What Pascal knew was that even our most rational convictions are build on flimsy foundations, limited human experience, trusted sources that might not be trust worthy, a history of ever changing scientific theory, and when it came to questions about things so far beyond our limited human experience as God, it would require either faith and trust in those books and people who made such claims, or an experience so far outside what we've already experienced that we might be convinced.

In this sense, Coughlan is a bit wrong in saying "I can't chose to believe something." Sure, you can't snap your fingers and change your beliefs, but you could start moving in a direction where belief becomes easier. That protesting bit of rationality and common sense is a lot easier to quiet than Coughlan lets on and his request for "something new" might be more dangerous than he thinks. I've seen it happen. Case in point, the Derren Brown "Messiah" youtubes linked here, or what happens to people on Sci-Fi Channel's "Scare Tactics."

Derren Brown was able to show how easily people can be fooled into believing things that aren't true by getting a group of atheists together and telling them he could give them an experience of God with just a touch. Sure enough, he touches a couple of them and they start reporting subjective experiences they think might be God. In a sense that was a "choice" those "atheists" made.

Fear will apparently override common sense as is often demonstrated on the Sci-Fi Channel show "Scare Tactics." On that show victims fall for the most absurd pranks, horror movie scenarios that they've certainly seen on TV by the time they're pranked. However, while the victims are indeed afraid, while they "act as if" it were true, no one ever commits to the belief entirely. No one picks up a club and tries to kill the murderer. They never make the extreme choices that someone entirely convinced would make. (It's a phenomena you'll see in many Christians.)

Next time you read one of my posts on Ray Comfort, imagine me reacting to Ray the same way that Coughlan is reacting to VenomFangX in this next video:



There's that recurring theme again, this time he floundered and got frustrated over the epistemology question implied by VenomFangX's claim that "naturalism refutes itself." He can't even decipher what VenomFangX means. It might help to know that VenomFangX stole that argument from Dr. William Lane Craig who stole it from C.S. Lewis, who stole it from G. E. Moore, and all three present it better than VenomFangX's garbled version but it is still flawed and it has been refuted.

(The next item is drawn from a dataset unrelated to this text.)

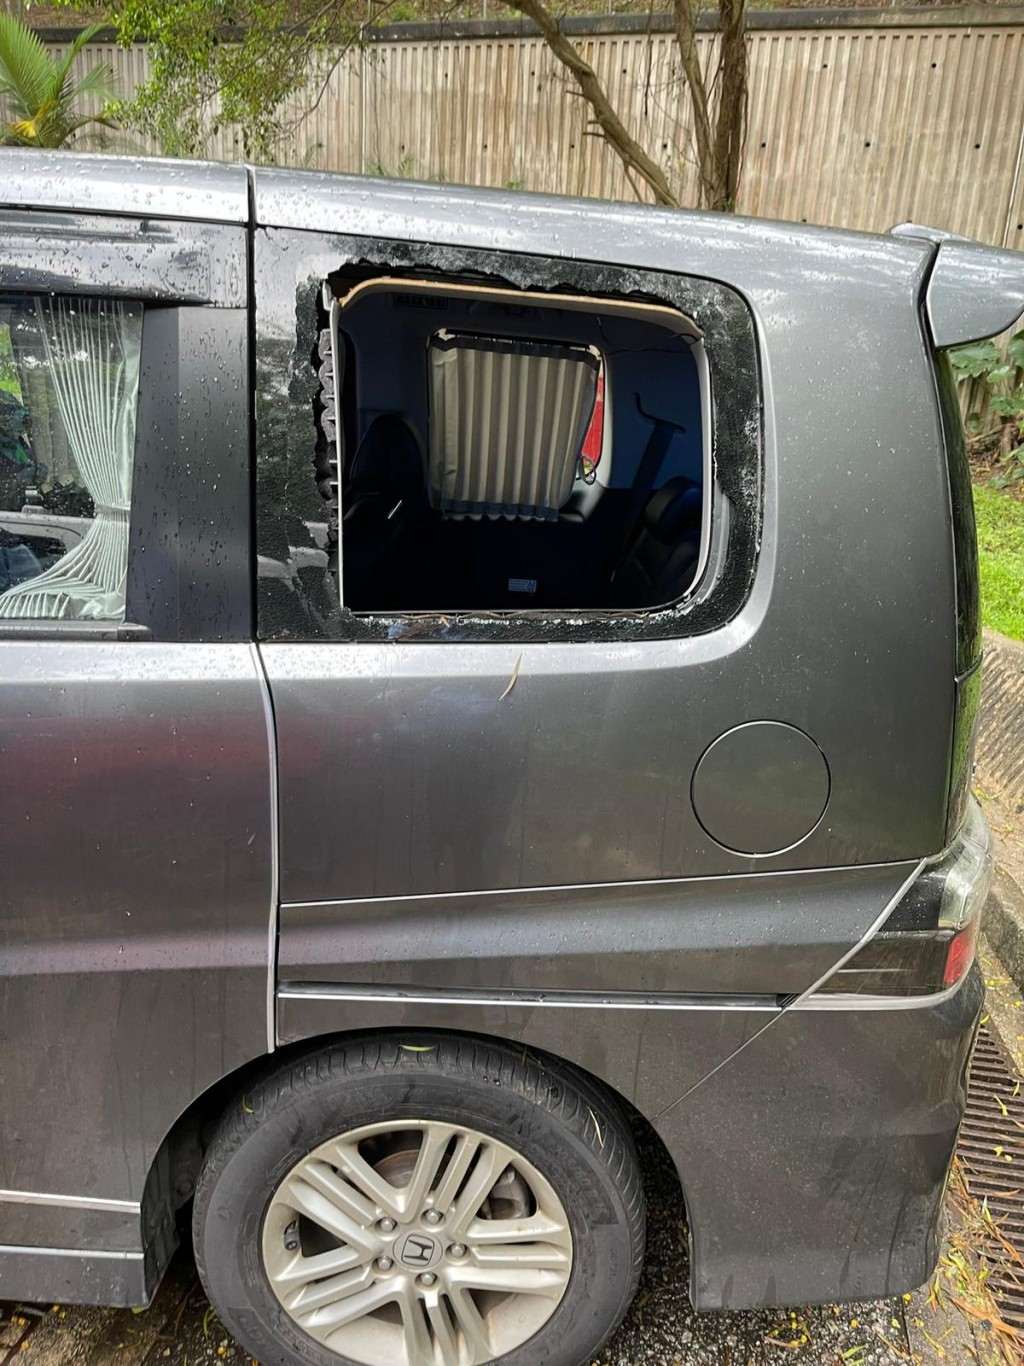 私家車玻璃車窗被打爆。圖:警方提供
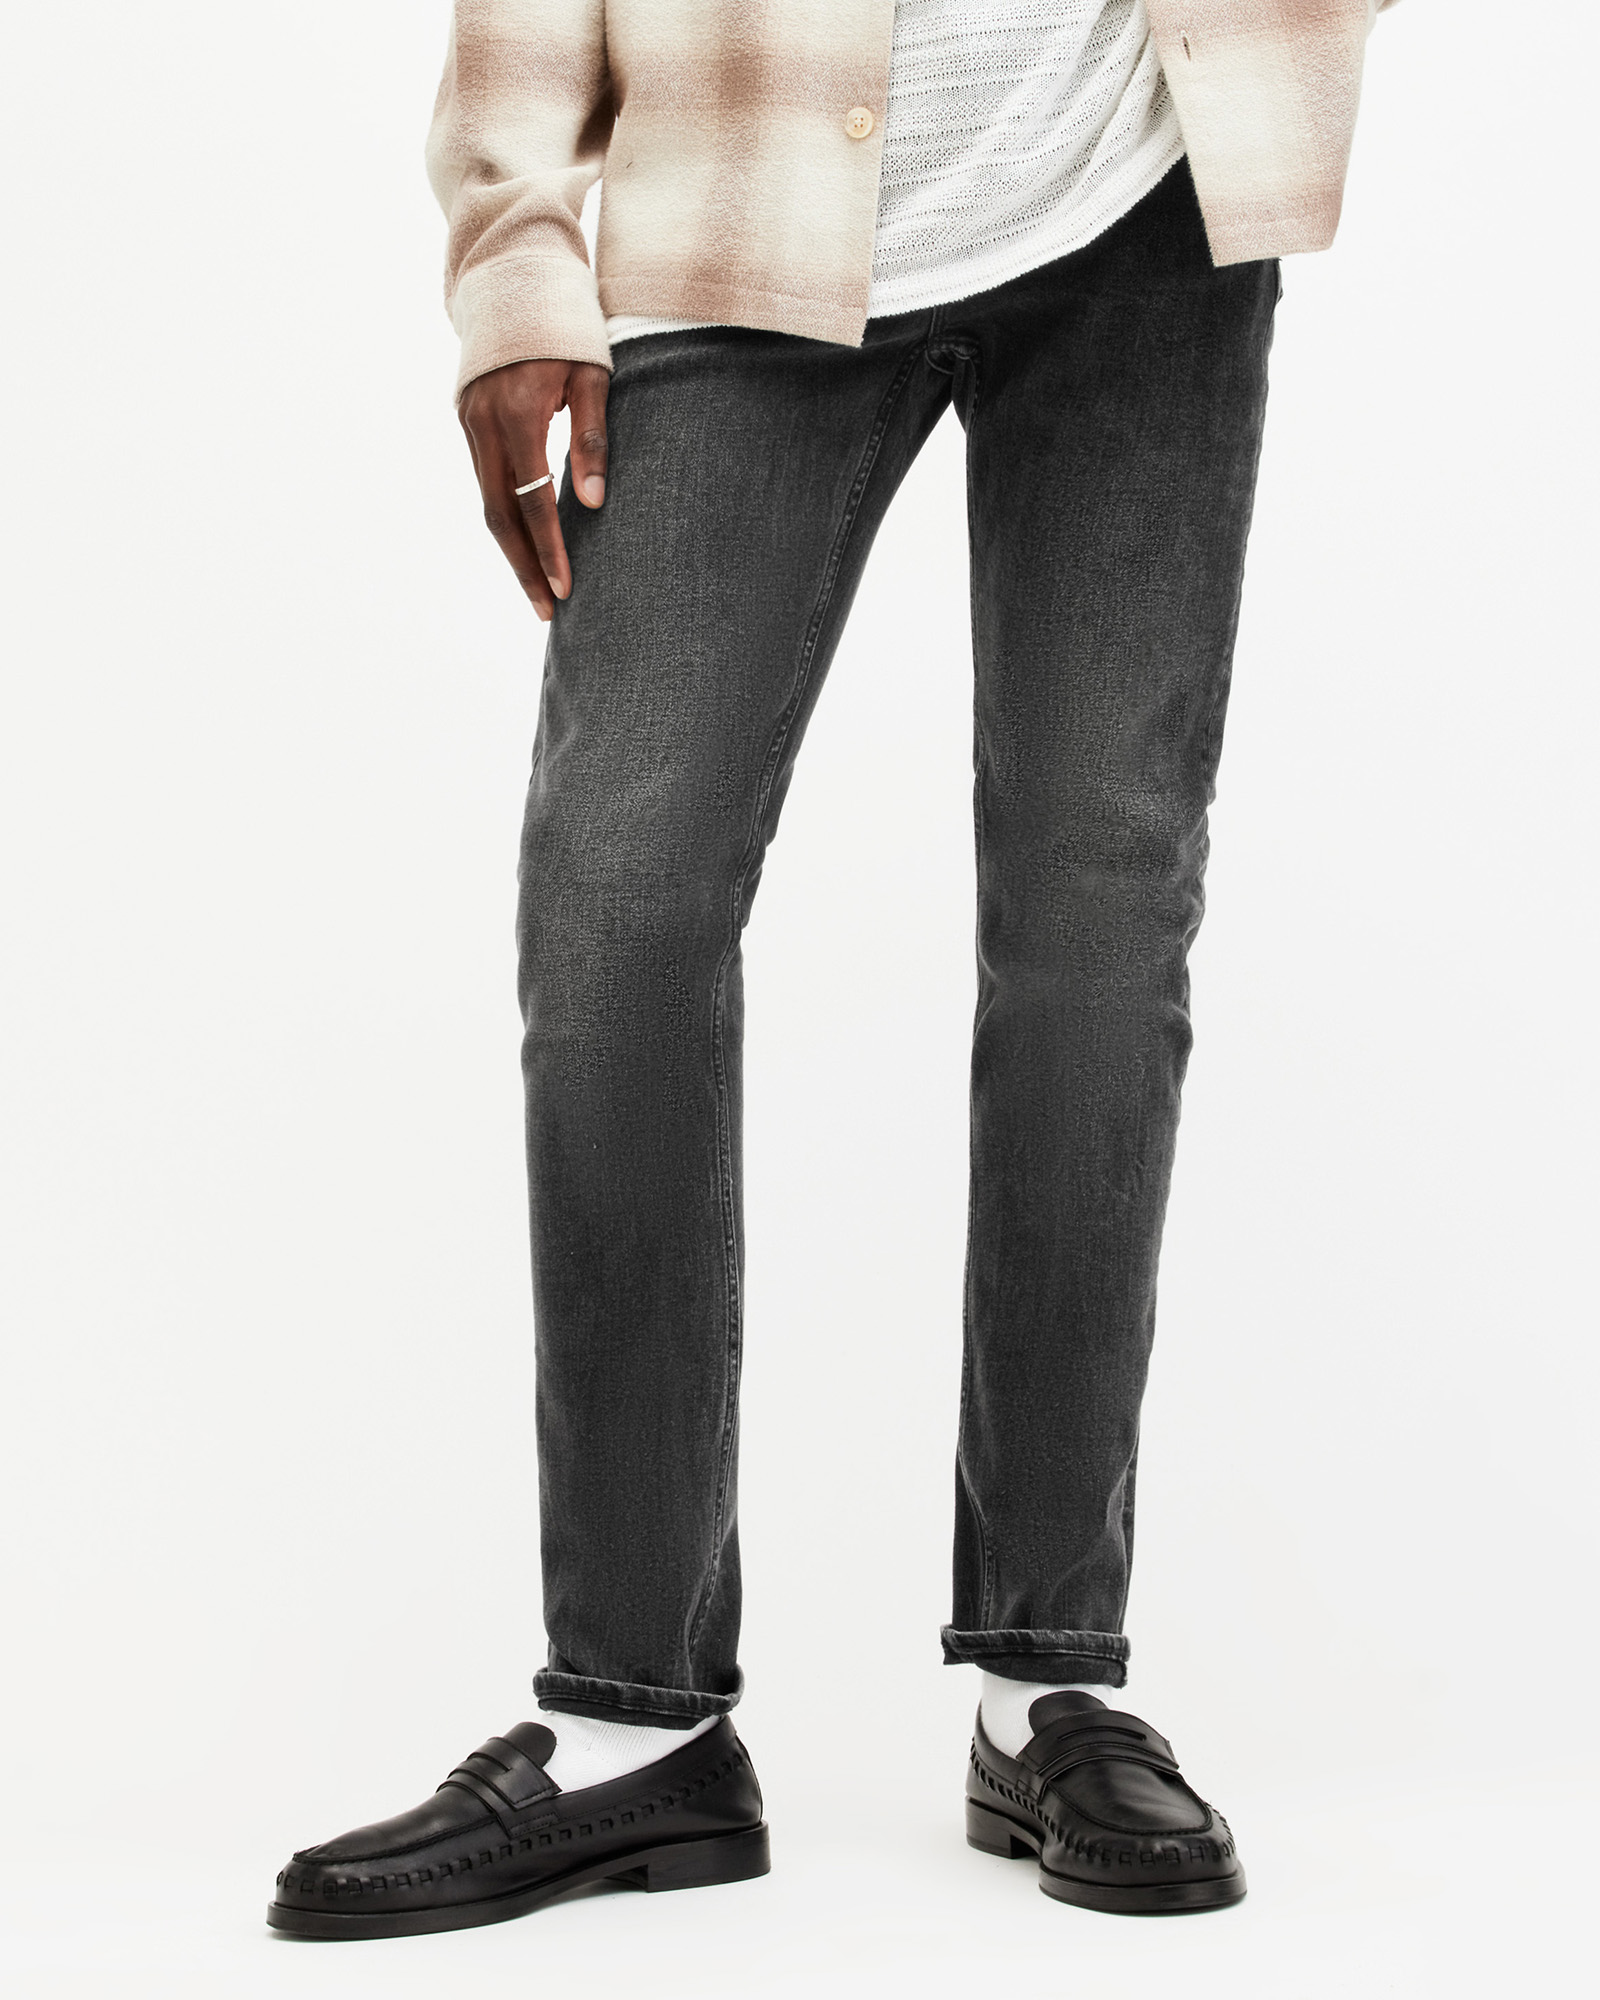 AllSaints Men's Cotton Traditional Cigarette Skinny Jeans, Black, Size: 38/L30

Let's deal with this next video fast because I've saved the best for last. All the previous stuff has been a set up, and so is this one:



Just keep in mind that little insight from the above youtube about "why is it you guys always want to save us from the fire pits of hell and not the joys and wonders of heaven? You know what that tells me, it tells me you're a believer out of fear," it ties in nicely with this next video, the best of the lot:



Most of the anger and sarcasm has faded in the above video, and just like with Ray Comfort, what initially seemed funny suddenly becomes incredibly sad and tragic.

I think I'll shut up now and just let you think about what you've just heard.